In a regulated domain, the schema is the politics. Decide what counts as a valid record and you have decided who gets paid, who gets flagged, and who gets to argue.

The schema is the politics

The first thing I do on a regulated platform is fight about the data model, and I have learned to do that fight early and out loud. Because in these domains the schema is not a technical artifact, it is a settlement between stakeholders who have not yet realised they disagree. What counts as a 'completed payment'? Is it the moment the open-banking event lands, the moment it clears, or the moment your ledger says it cleared? Three reasonable people will give you three answers, and each answer quietly redistributes risk to a different team.

The temptation is to defer this. Ship something flexible, a JSON blob, a status field with a dozen string values, and let the meaning settle later. It never settles later. It calcifies. Six months on, there are four services reading that status field, each interpreting 'pending' slightly differently, and now the ambiguity is load-bearing. Nobody can change it without breaking someone, so nobody changes it, and you have shipped your confusion into production permanently.

So I treat the model as the contract and I make it boring on purpose. Explicit states with explicit transitions. A separate, append-only record of what actually happened, distinct from the current best guess of the truth. When a regulator or a furious customer asks 'why does it say this', you want to answer with a history, not a reconstruction. The flexibility everyone asks for up front is almost always a request to avoid a conversation. Have the conversation.

Build for the dispute, not the demo

Normal product software optimises for the happy path because the happy path is the product. Regulated software has to optimise for the dispute, because the dispute is where the system either holds or humiliates you. Every meaningful action needs to be reconstructable after the fact, by someone who was not there, possibly years later, possibly in front of someone with subpoena power.

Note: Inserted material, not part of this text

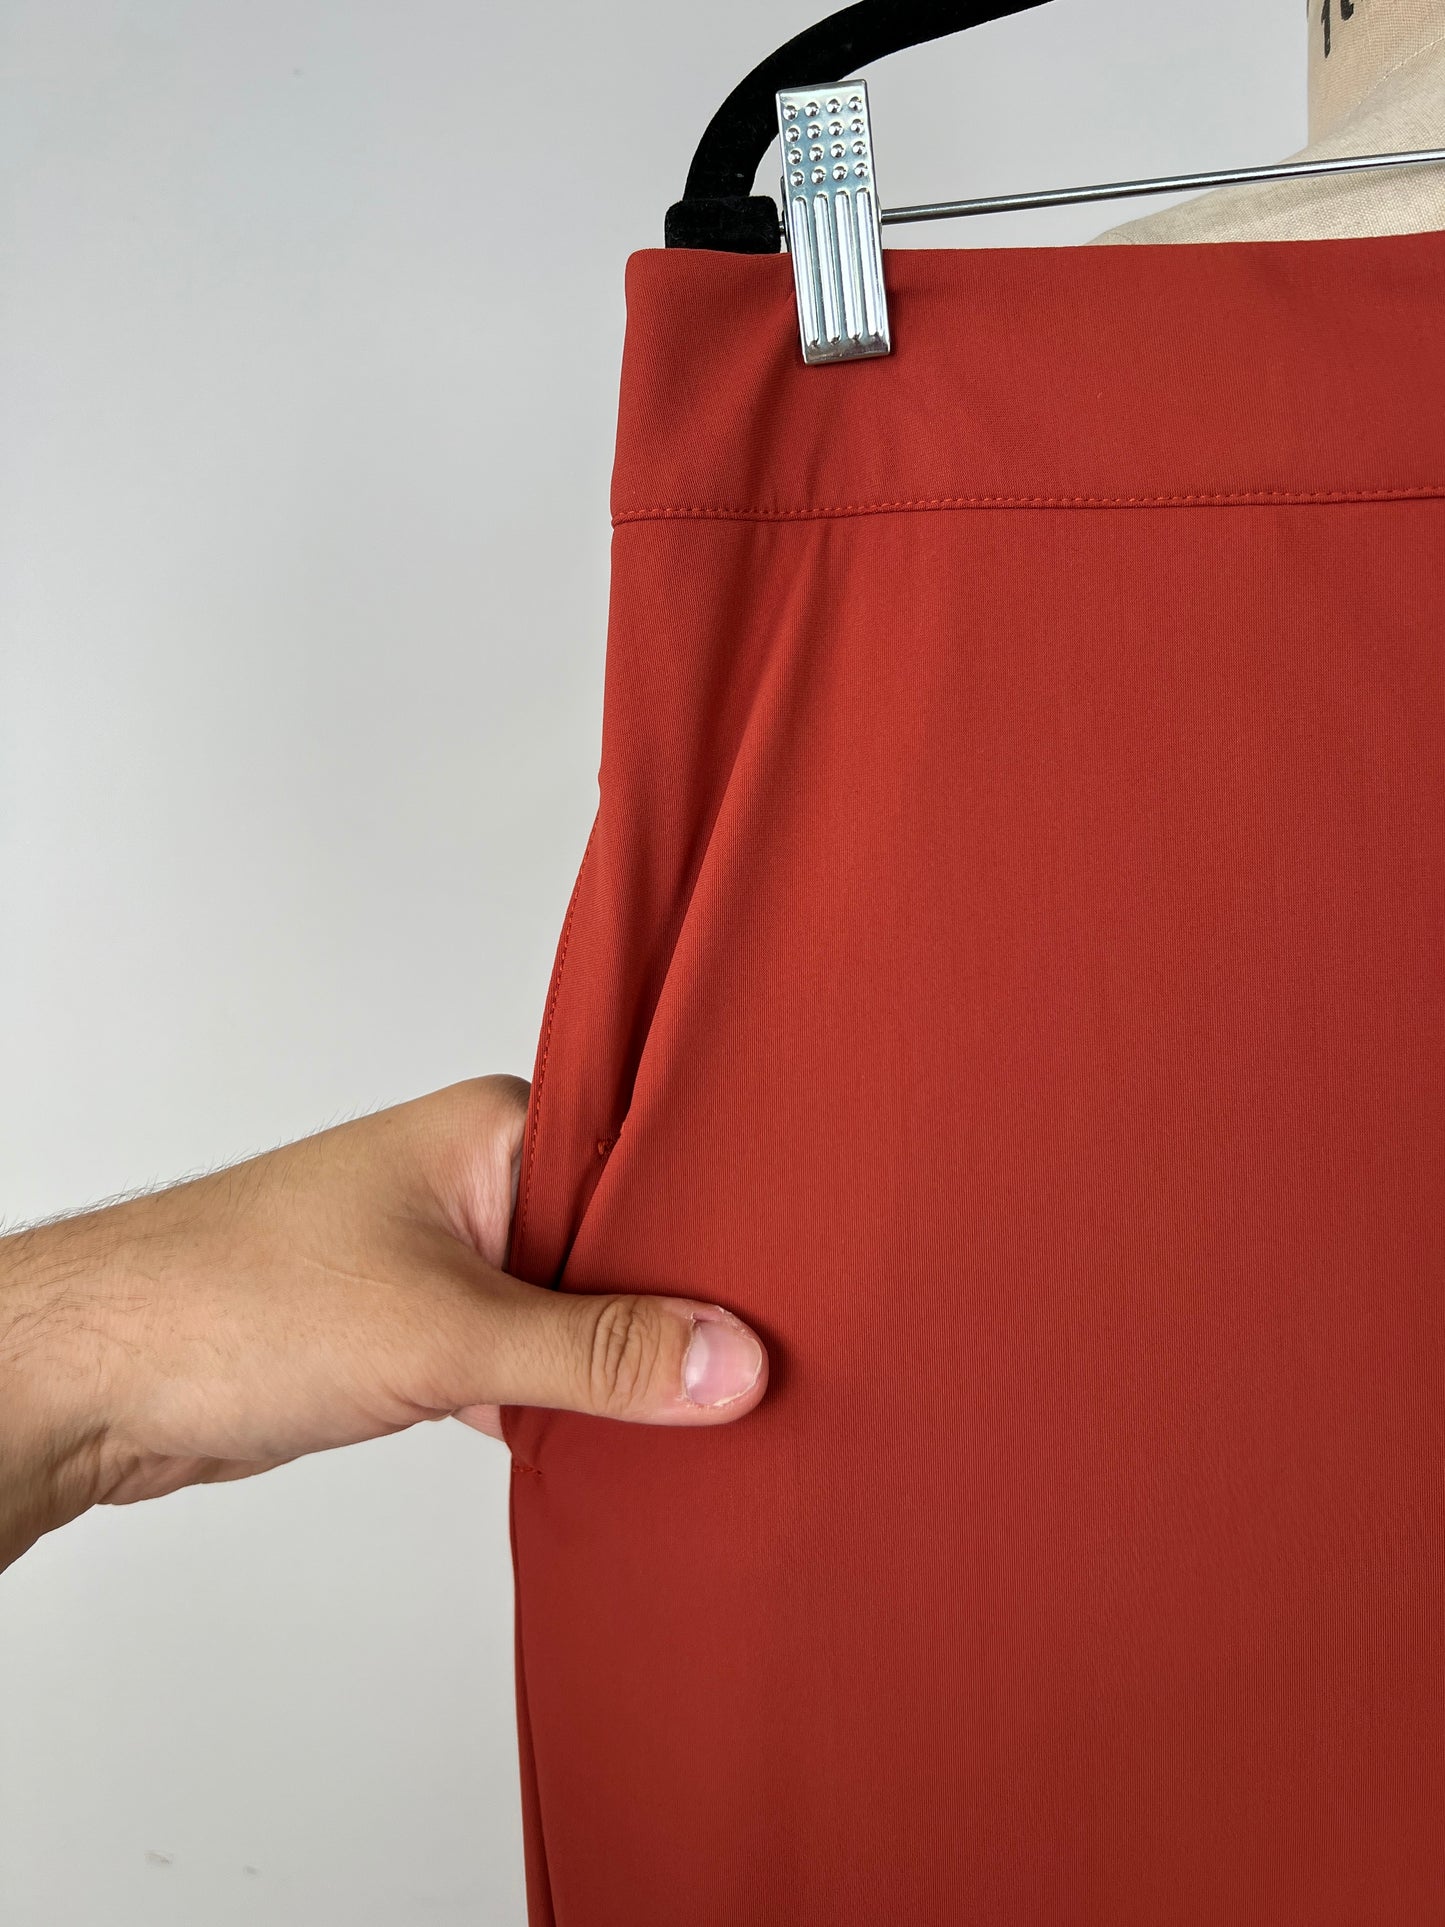 Pantalon terra cotta à poches boutons (XL)

In practice that means a few unglamorous commitments. Decisions get recorded with their inputs, not just their outputs, you want to know not only that something was rejected but what it was rejected against. State changes are events, not in-place mutations, because 'it used to be true and now it isn't' is a sentence you will need to say with evidence. And you draw a hard line between the system's opinion and the human's override, then you log the override as a first-class act with a name attached. The worst audit trail is the one that makes a person's deliberate, justified decision look like a bug.

This is also where I push back hardest on automation enthusiasm. In a messy regulated domain, the goal is not to remove the human, it is to make the human's job legible and defensible. The system should narrow the decision, surface the relevant facts, and then get out of the way and record what the human did. A platform that quietly decides on people's behalf and cannot explain itself is not advanced. It is a liability with good test coverage.

Earned trust beats clever code

The thing nobody tells you about senior work in these domains is how much of it is not code. It is convincing a compliance lead that the new flow is safer than the spreadsheet she trusts, because her spreadsheet, for all its faults, has never silently lost a row. It is sitting with a public-sector delivery team and accepting that 'we cannot break the existing consumers' is not legacy timidity, it is the actual requirement. The integrations you cannot see are the ones that matter most.

So I have stopped measuring my own work by elegance and started measuring it by how well it survives contact with reality, and with people who do not trust it yet. Does it degrade honestly when an upstream feed is late? Can a non-engineer understand why it did what it did? When it is wrong, and it will be wrong, does it fail in a way you can explain and correct, or in a way you have to apologise for? That is the hard part. It was always the hard part. Bring me into that one.